Who knew “Dalai Lama” was such a great filler for an insult?


“We spend weeks in advance thinking of really out-of-the-box things” said arbiter Cat Janis, a sophomore psychology major.


Janis’ tweets were used that night in “A Saturday Binge,” a piece written by Ian Cooley and Brooke Schmidt and directed by Karen Katzin. Cooley and Schimdt took home the prize for best writers.




Actors run on no sleep during their scenes. (Kim Iannarone / Photo Editor)

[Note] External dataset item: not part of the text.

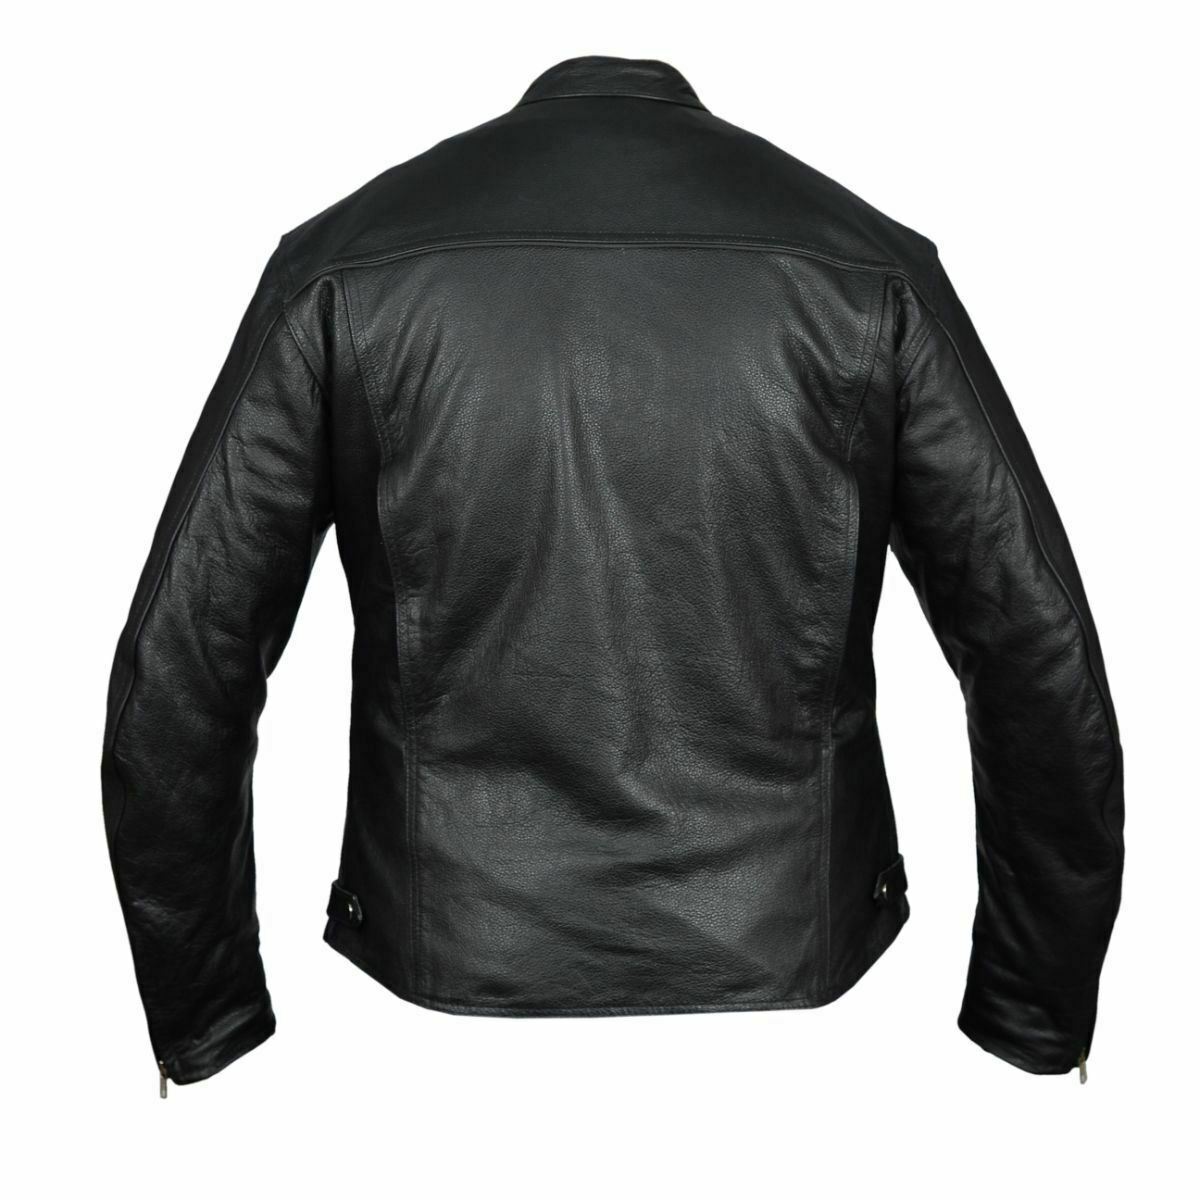 Vance Leather HMM544 Vented Premium Motorcycle Jacket

“A Saturday Binge” was the result of the series of strange requirements the arbiters gave them for their main theme, Netflix. So what happens when the arbiters make the team incorporate the sense of sound, someone who has died and gained an unexpected inheritance and a stuffed Pikachu? An unbearably funny spoof of movies like “She’s All That,” “The Others” and “The Hunger Games.”


“It’s crazy hectic but so much fun, too,” said Katie McLaughlin, junior history and secondary education double major.

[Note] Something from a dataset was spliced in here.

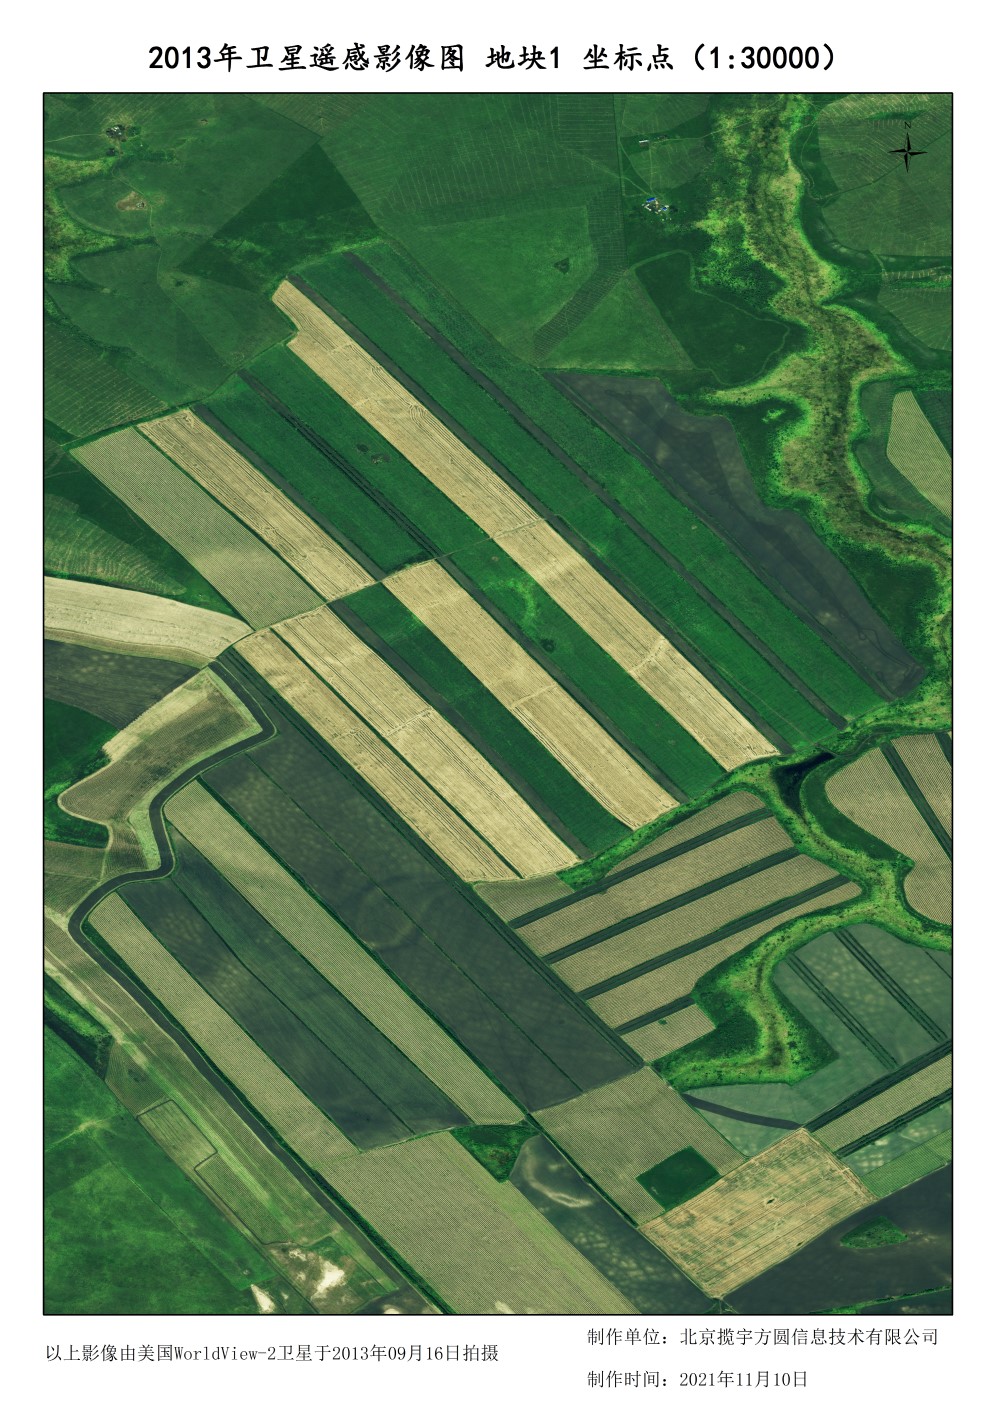 0.5米美国WORLDVIEW2卫星农牧场影像数据样例

McLaughlin arrived on stage with a bedazzled face during her impersonation of Effy in “Saturday Night Binge.”


WIRED is organized by All College Theater and TCNJ Musical Theater, who succeeded in sending waves of laughter throughout Decker’s basement.


We have no cuts, so everyone who auditions is a part of it,” said head arbiter Jonathan Edmondson, a junior journalism and professional writing major. “It is definitely a unique thing for TCNJ.” As the head arbiter, Edmondson had been up since 8:30 p.m. the night before.


Yet despite the lack of sleep, the cast exemplified great talent and humor.


The piece “The Tasteful Adventures of Craig” required the team to incorporate the following themes: the virtue of temperance, a sense of taste, someone showing up uninvited, a hula hoop, arbiter Jenna Burke’s Twitter, Craigslist.com, and the word “Dalai Lama” to be used as a curse word. In this wacky piece, Kyle Elphicks won best actor for his role as a haunted enthusiast, and was so funny that even the spirits he was conjuring must have been rolling in their graves.


Among the audience members was one of the cofounders of the original WIRED show Christine Scarfuto, who graduated from the College in ’05 and is now the producing associate for Premiere Stages at Kean University.


“I had no idea this was still going on,” Scarfuto said. “It’s amazing to see the amount of people that are a part of it now.”


The event filled the house and ended the night with a laughter-exhausted crowed.


“Everything was so well done considering they only had a day,” said audience member Julia Dzurillay, a freshman journalism and professional writing major.


The outlandishly funny event held up to its name and left no audience member feeling disconnected.


“It’s called WIRED for a reason,” yelled a cast member as he ran through the crowd holding his cardigan out as a cape.